Cost/resource analysis

  • Fancier types for time and space
    • Describe how long function takes to run
    • Describe how much space function uses
  • Catch space leaks, or rare worst-cases

Formalization

  • Languages are still implemented first
  • Later on: people try to formalize (sometimes)
  • Time and time again: serious design flaws
    • Compilers don’t correctly compile
    • Ambiguous or unclear desired behavior
    • Type systems that don’t guarantee safety
  • Currently: formalization is very expensive

New kinds of hardware

  • Not just programming a CPU anymore
    • GPU, TPU, custom chips, etc.
  • How to program these very-different platforms?
    • Would like to write just one program

What else is in PL?

Implementation (CS 536/701)

  • How to implement languages?
    • How do interpreters and compilers work?
  • How to make programs go fast?
    • Compiler optimizations?

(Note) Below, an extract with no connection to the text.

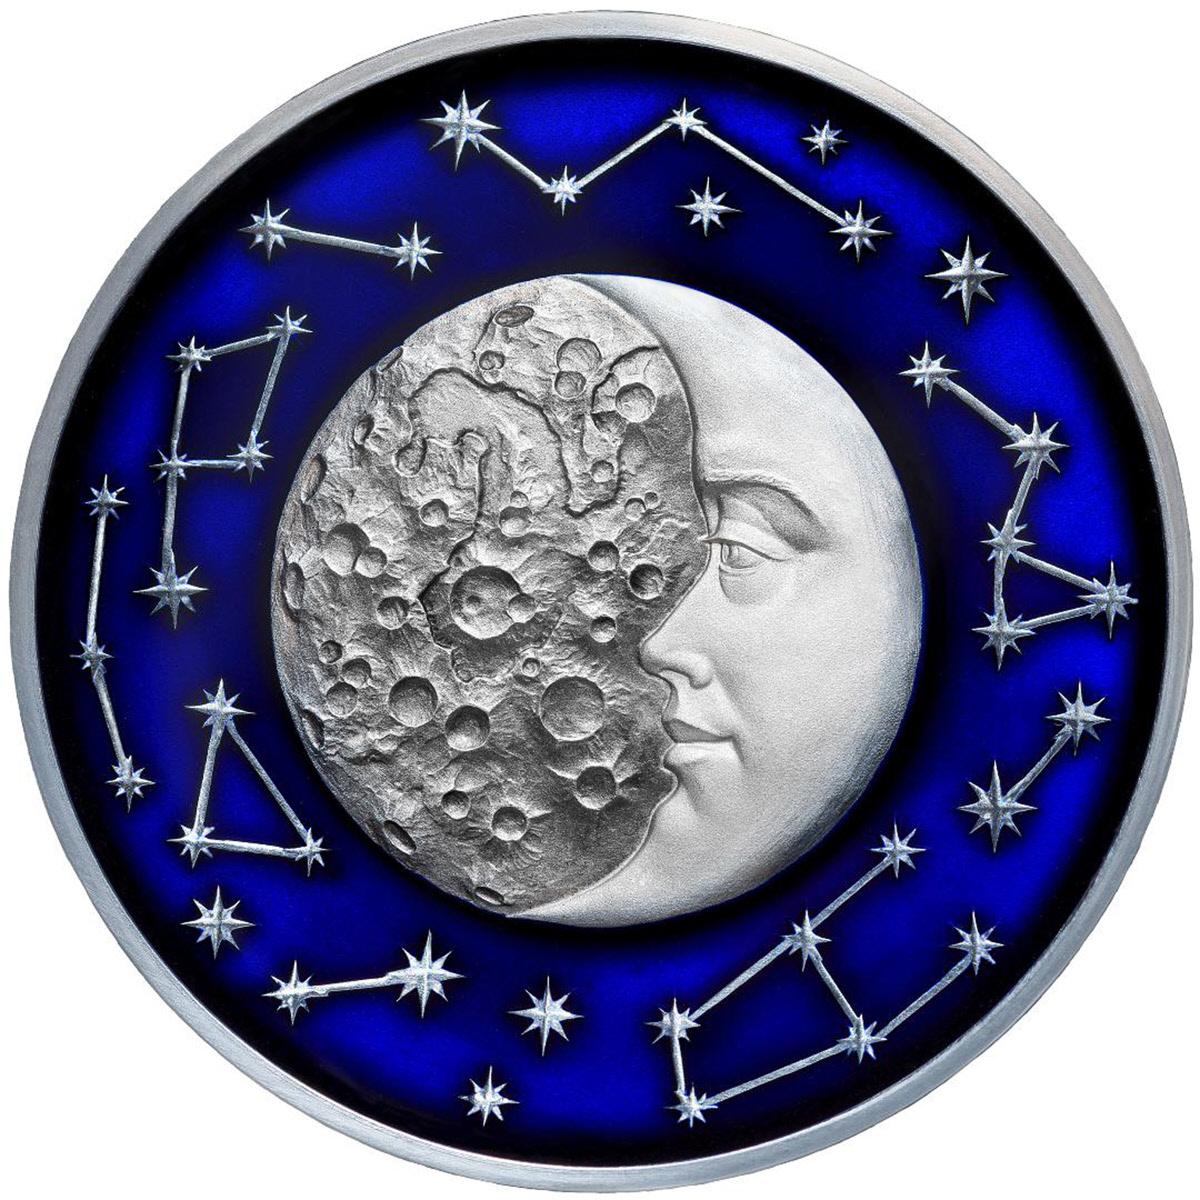 The Moon Celestial Bodies 2017 2 Oz Pure Silver Coin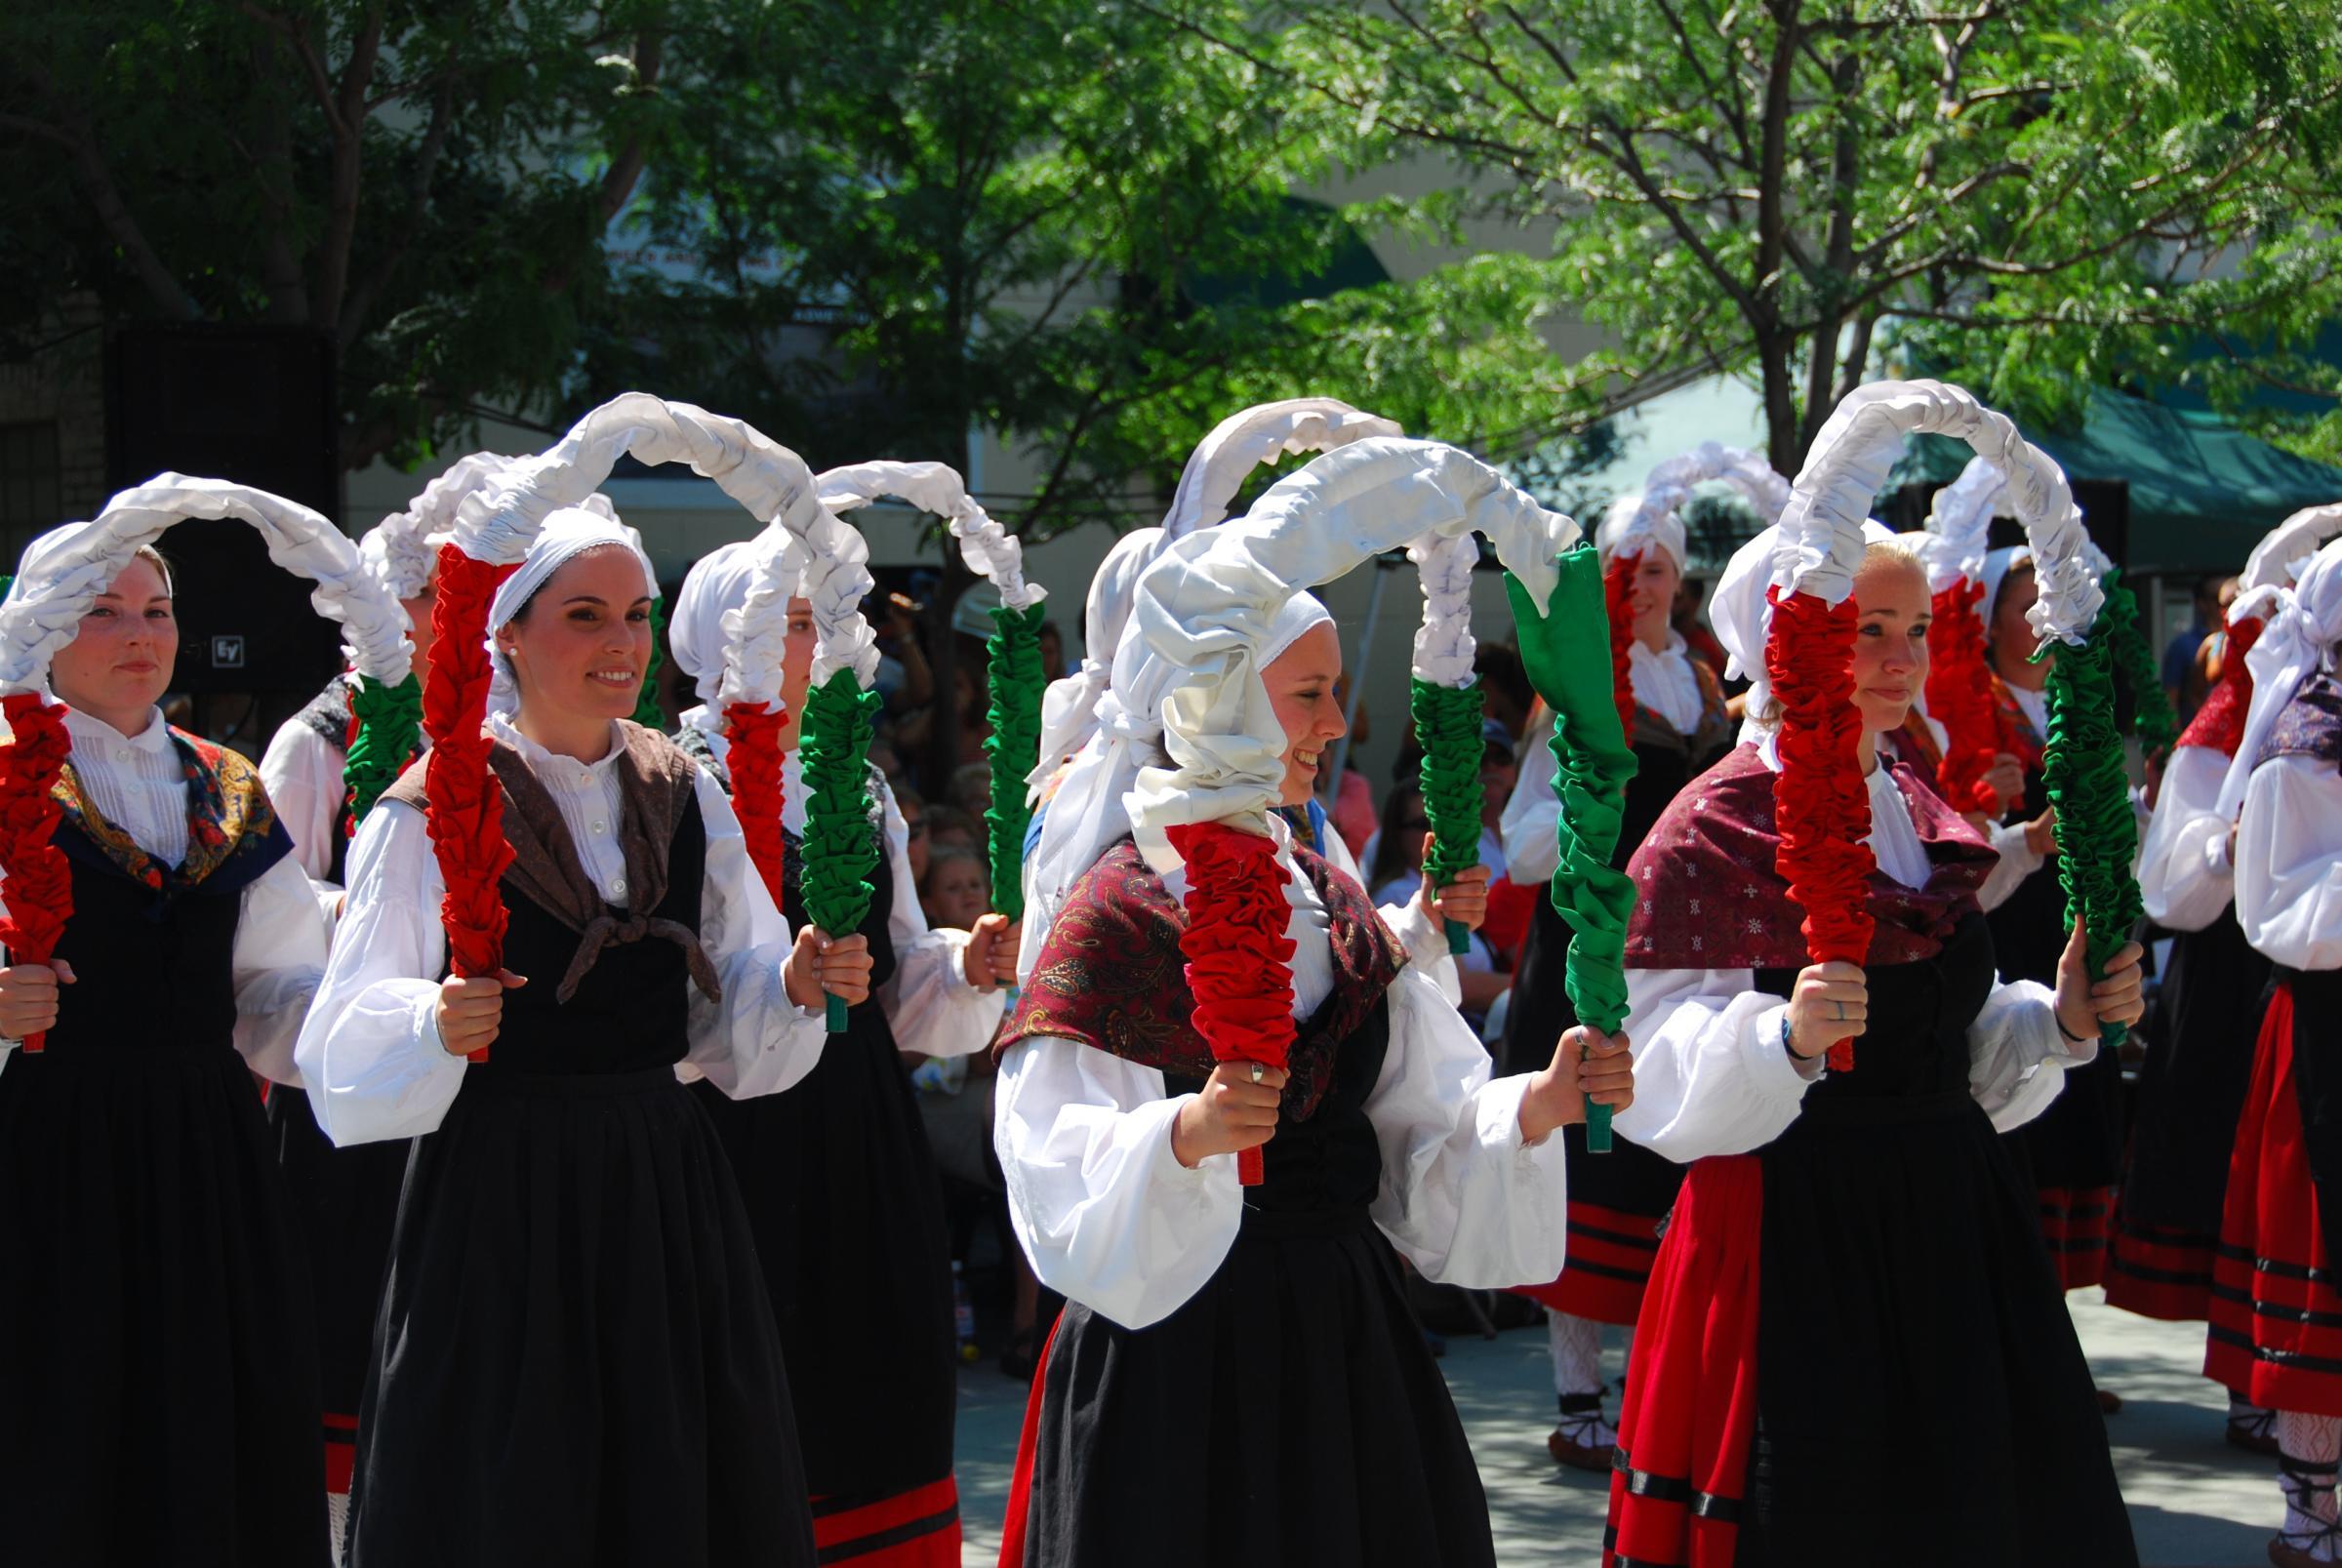 Pelota: Basque Sport Keeps Community Culturally Connected ...

JITs?
  • How to make compilers go fast?
    • Incremental compilation?
  • How to implement functional languages?
  • How does type checking and type inference work?

Verification (CS 703/704)

  • What can even fancier type systems do?
  • How to use automated solvers to verify programs?
    • SMT and Horn solvers?
    • Model checking?
  • How to verify imperative programs?
  • How to verify program correctness
    • At run time? Contracts and dynamic analyses
    • At compile time? Abstract interpretation

Synthesis (CS 703)

  • How to write programs automatically?
  • How to guide solvers to find correct programs?
  • How to do machine learning on open source code?

Semantics (CS 704)

  • How to give a more realistic operational semantics?
    • With a stack, control, etc.
  • How to model concurrency mathematically?
    • Process calculus, Petri nets, …
  • How to model memory on multicore machines?
    • Weak memory models
  • How to design languages for mathematical proofs?
    • Theorem provers and dependent type theories
  • How to model programs more mathematically?
    • Denotational semantics

That’s all, folks: Remember to do course evals!